| WHAT TO WORK ON |
Leave out the pictures and set down the rest of the listing below word for word.

| PROVIDED MATERIAL |
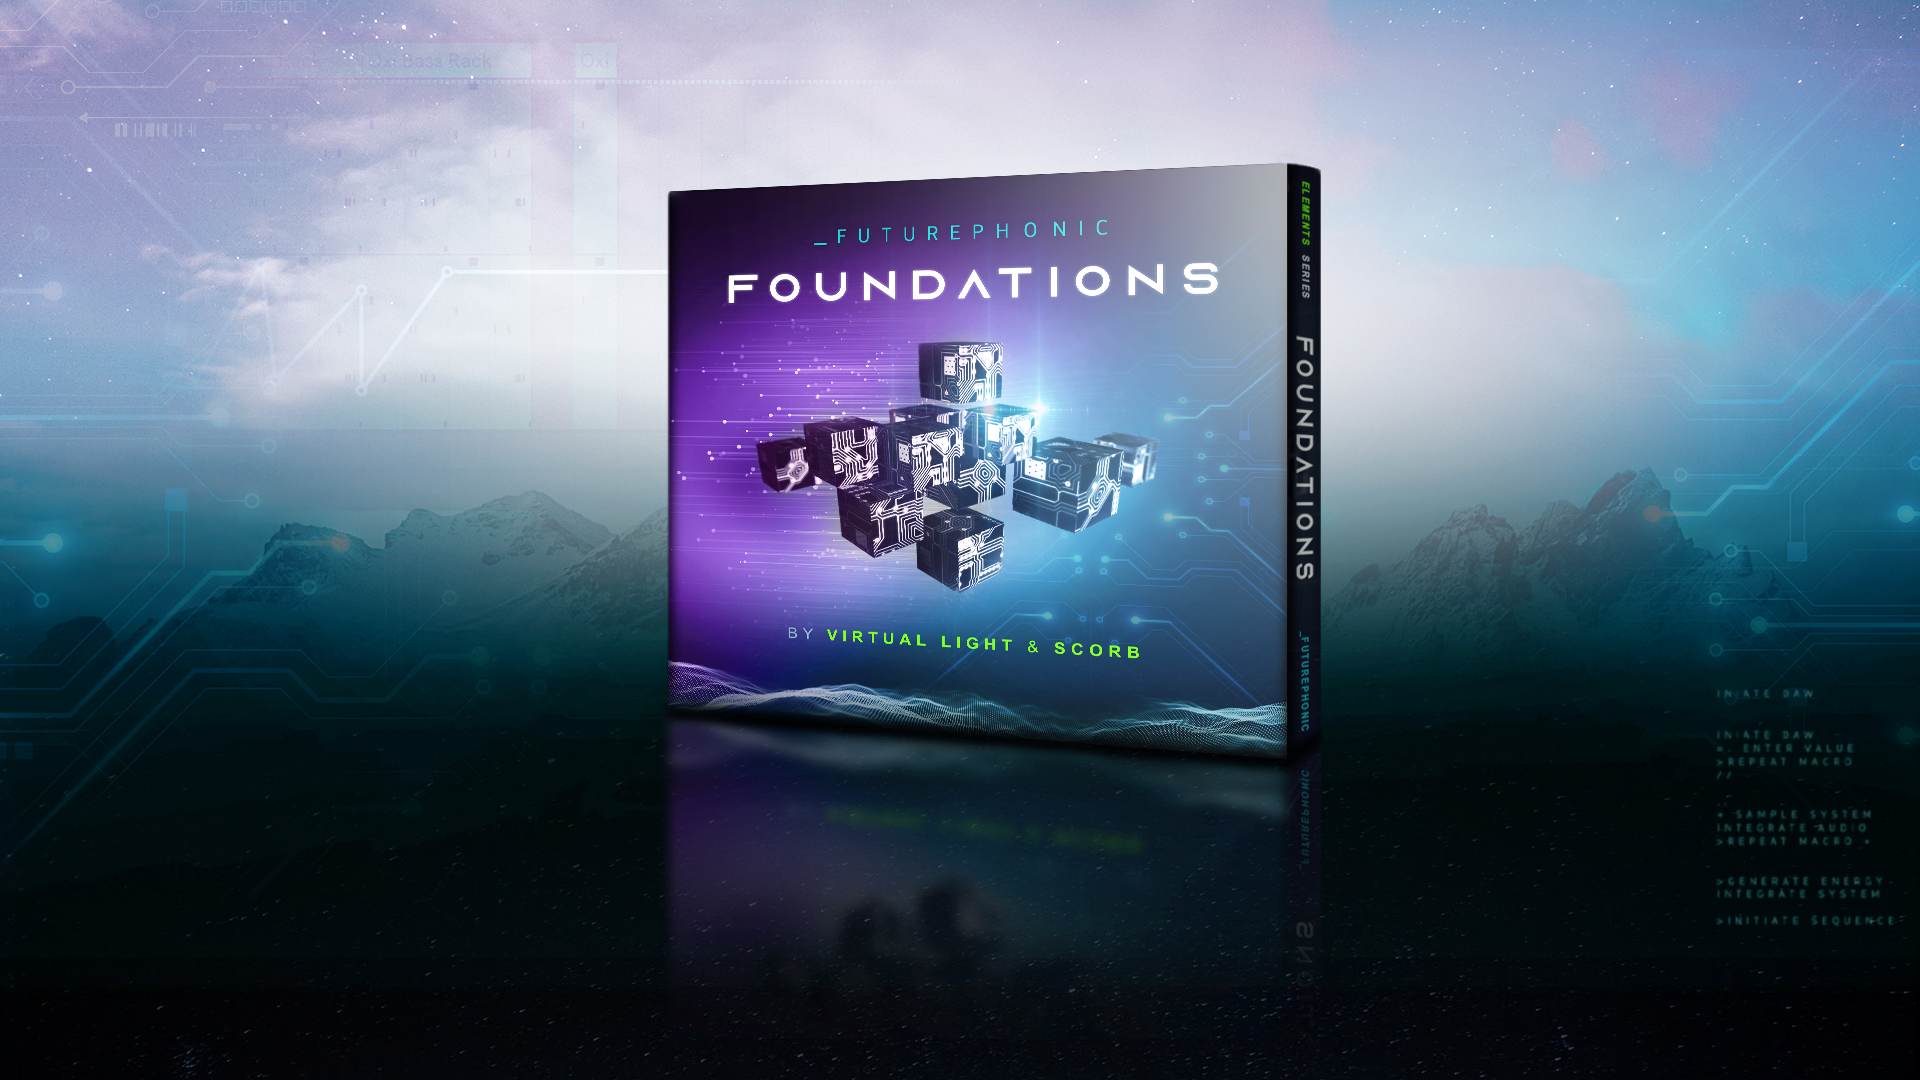 [Foundations] By Virtual Light & Scorb - Futurephonic
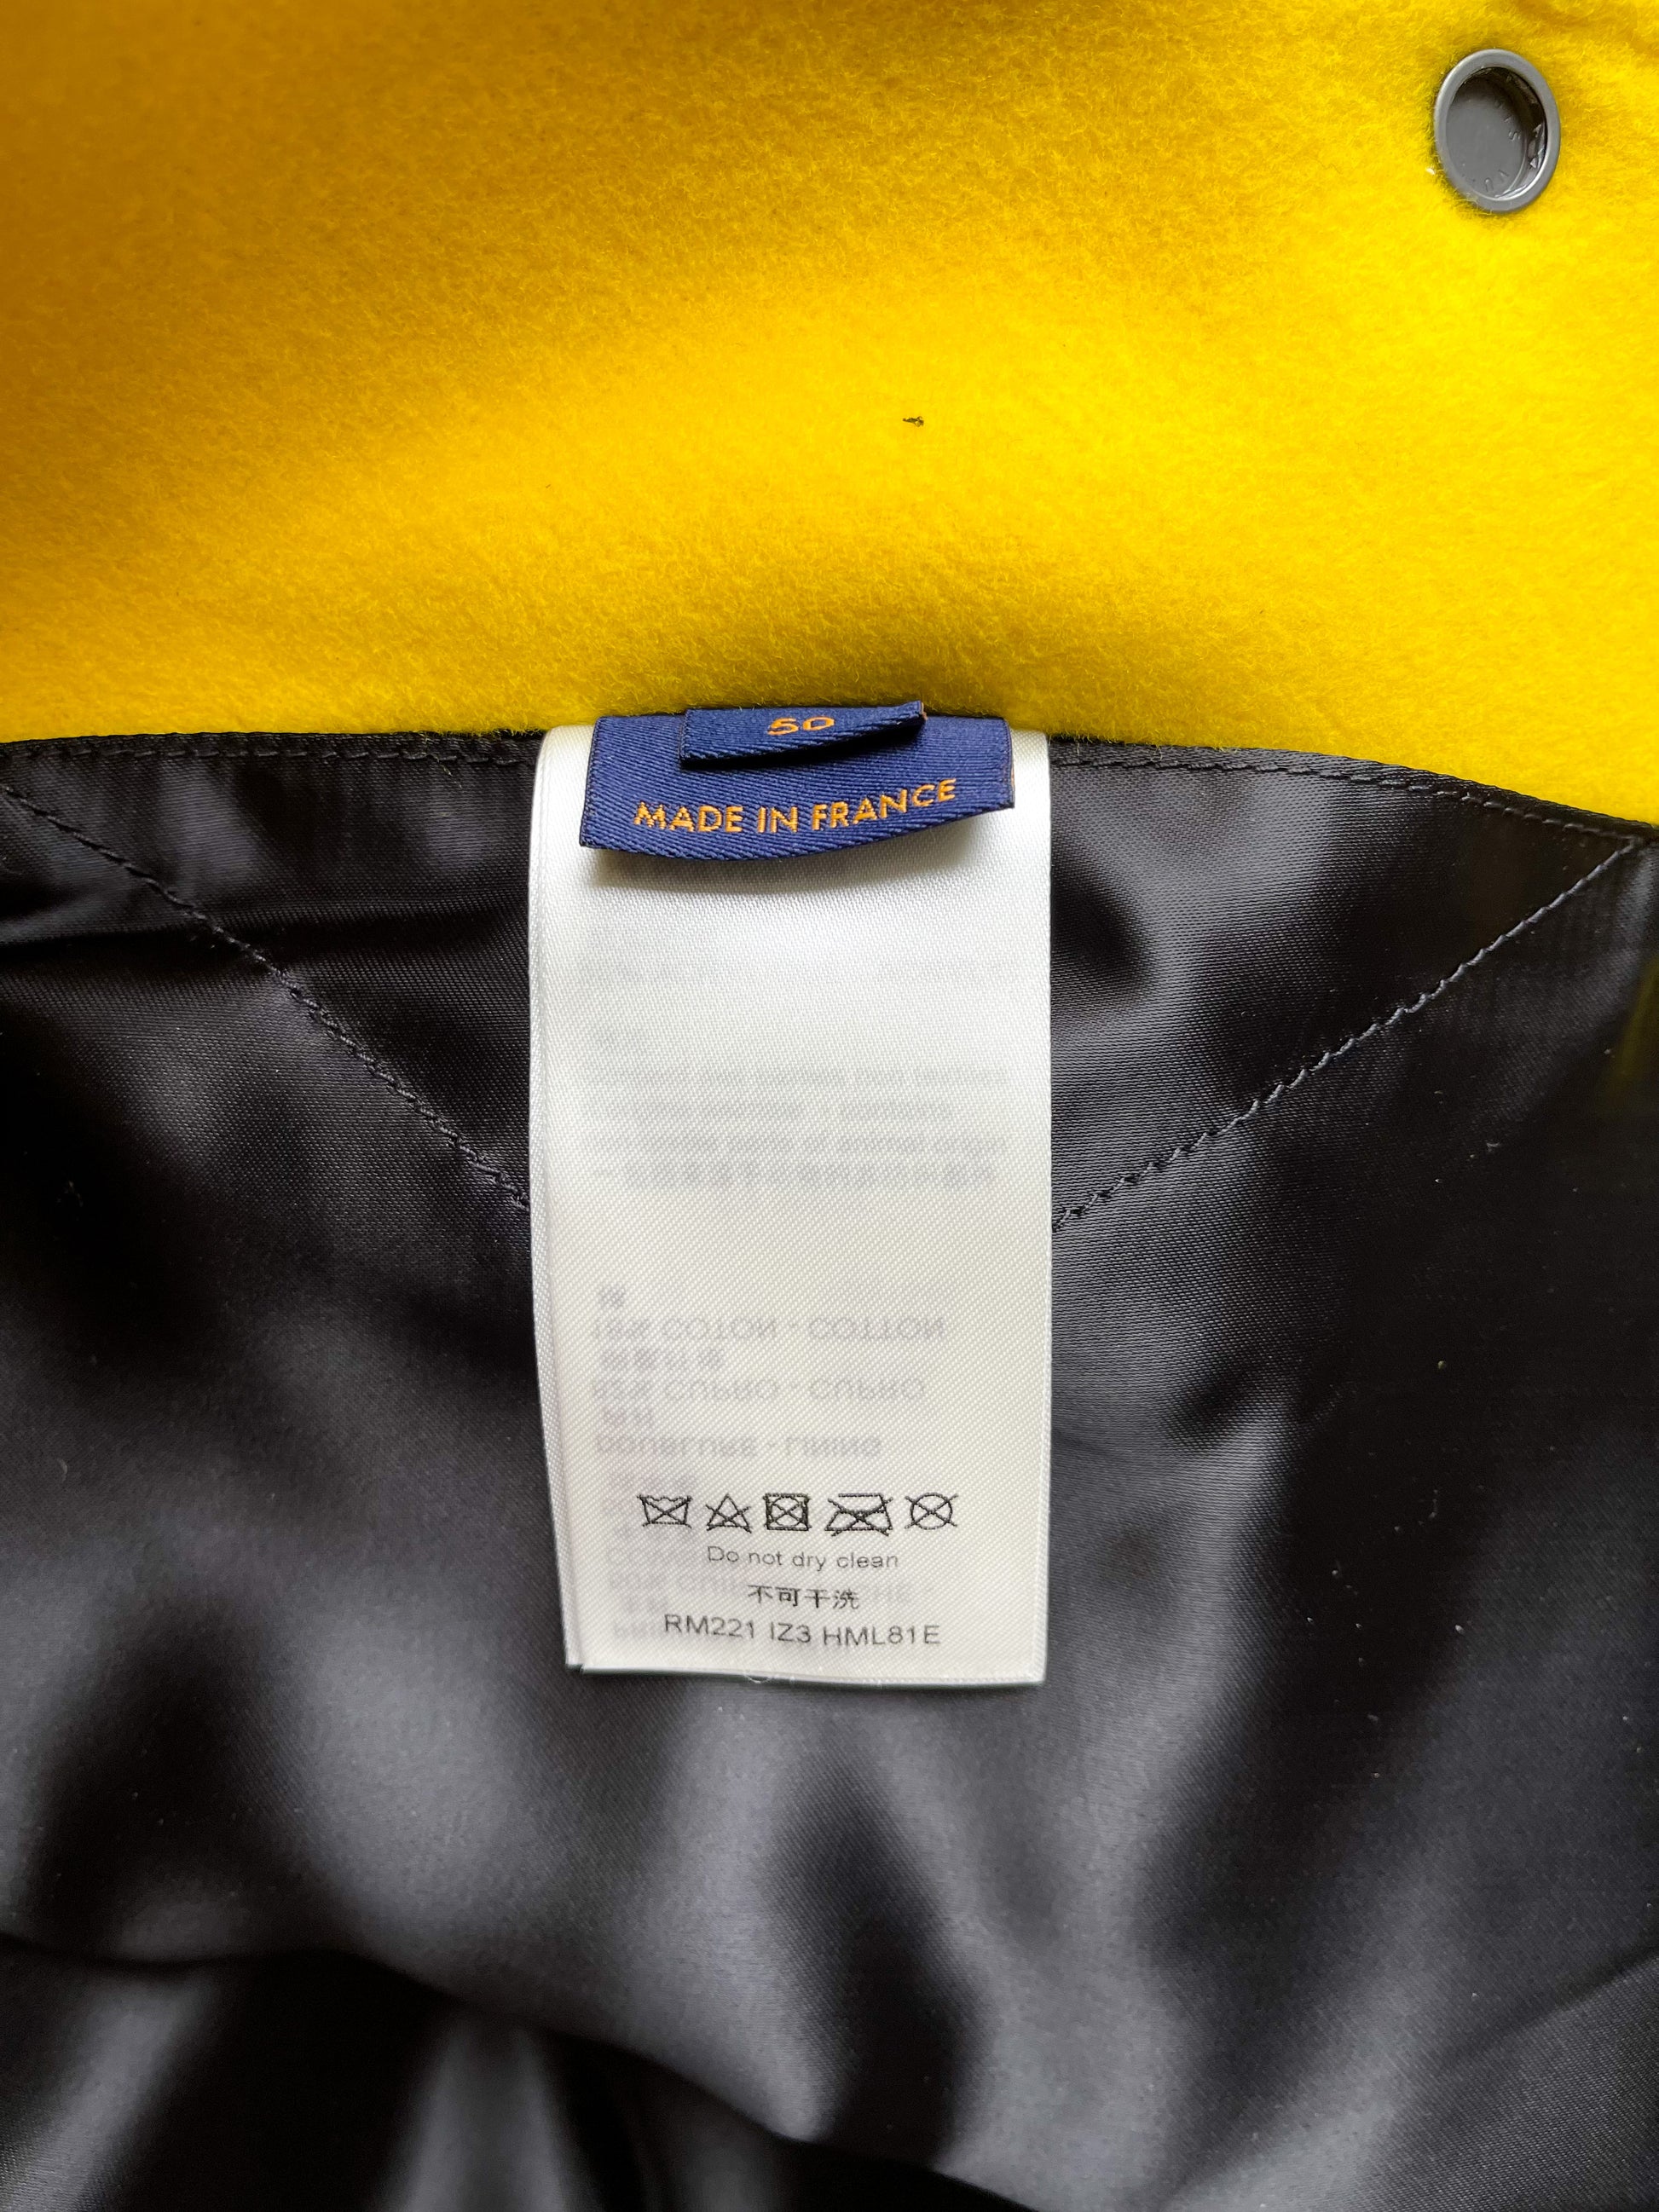 Louis Vuitton Black & Yellow Varsity Jacket
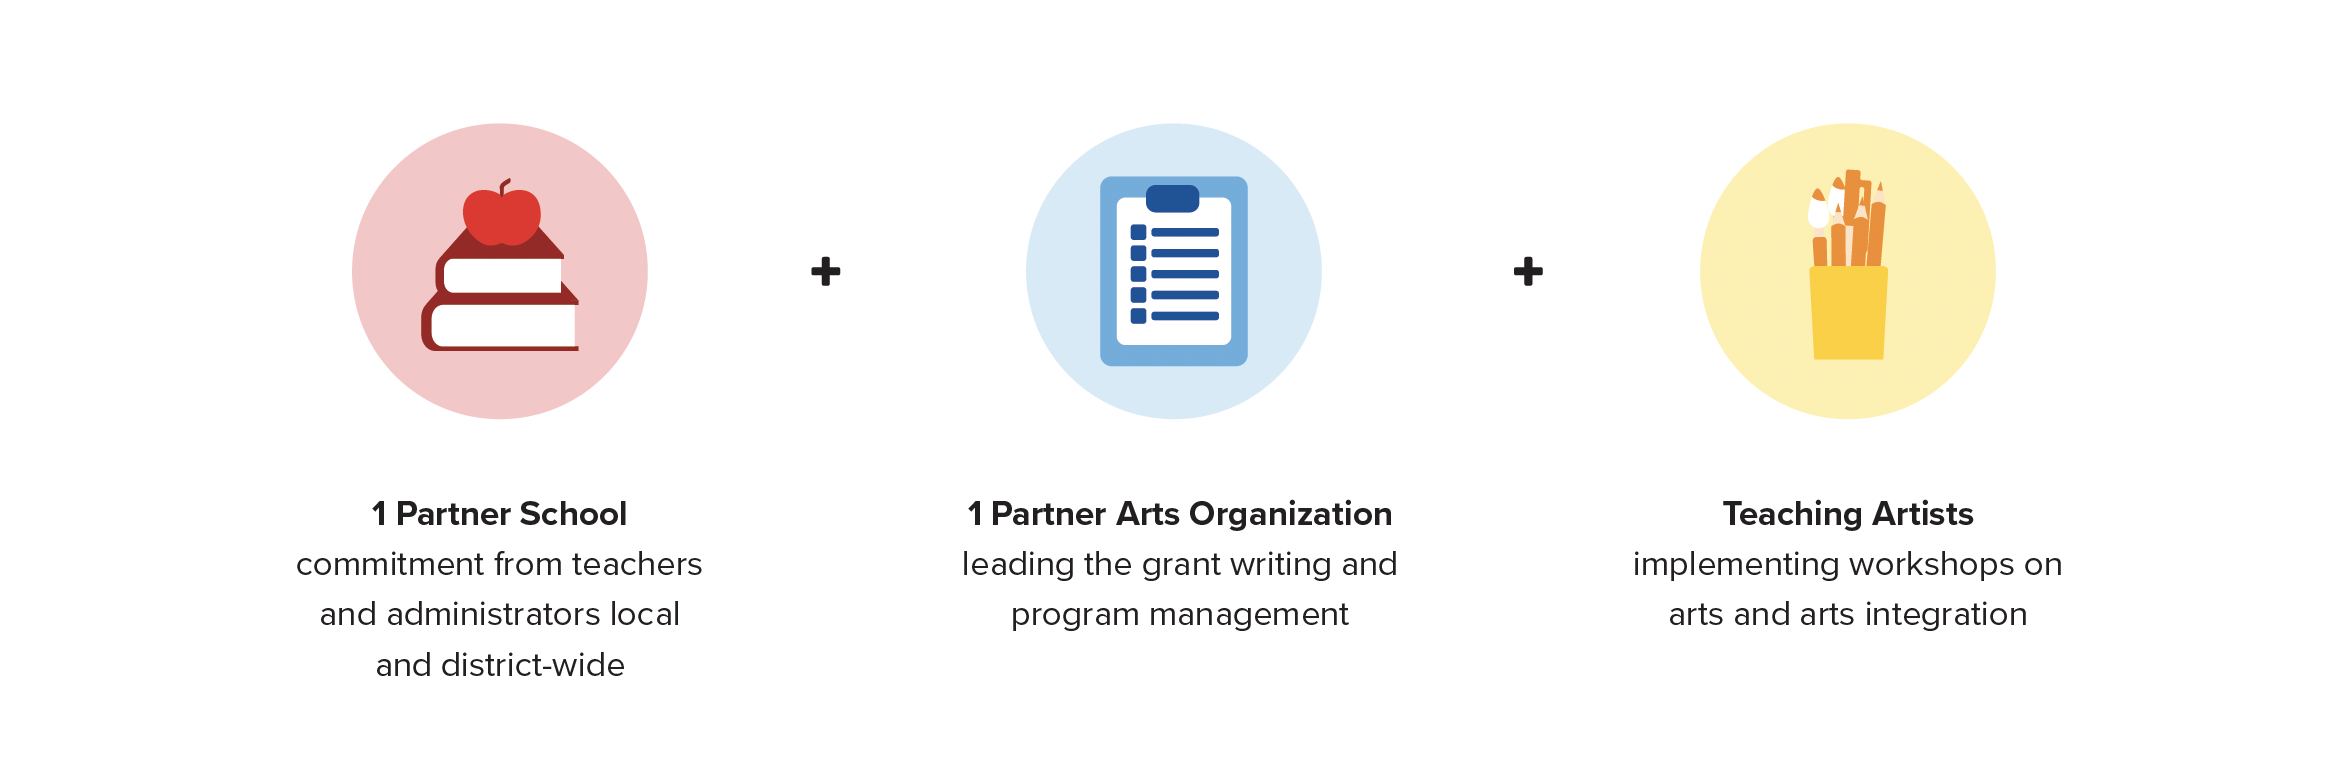 one partner school plus one arts organization plus teaching artists

| EXPECTED OUTPUT |
 [Foundations] By Virtual Light & Scorb - Futurephonic
 Louis Vuitton Black & Yellow Varsity Jacket
 one partner school plus one arts organization plus teaching artists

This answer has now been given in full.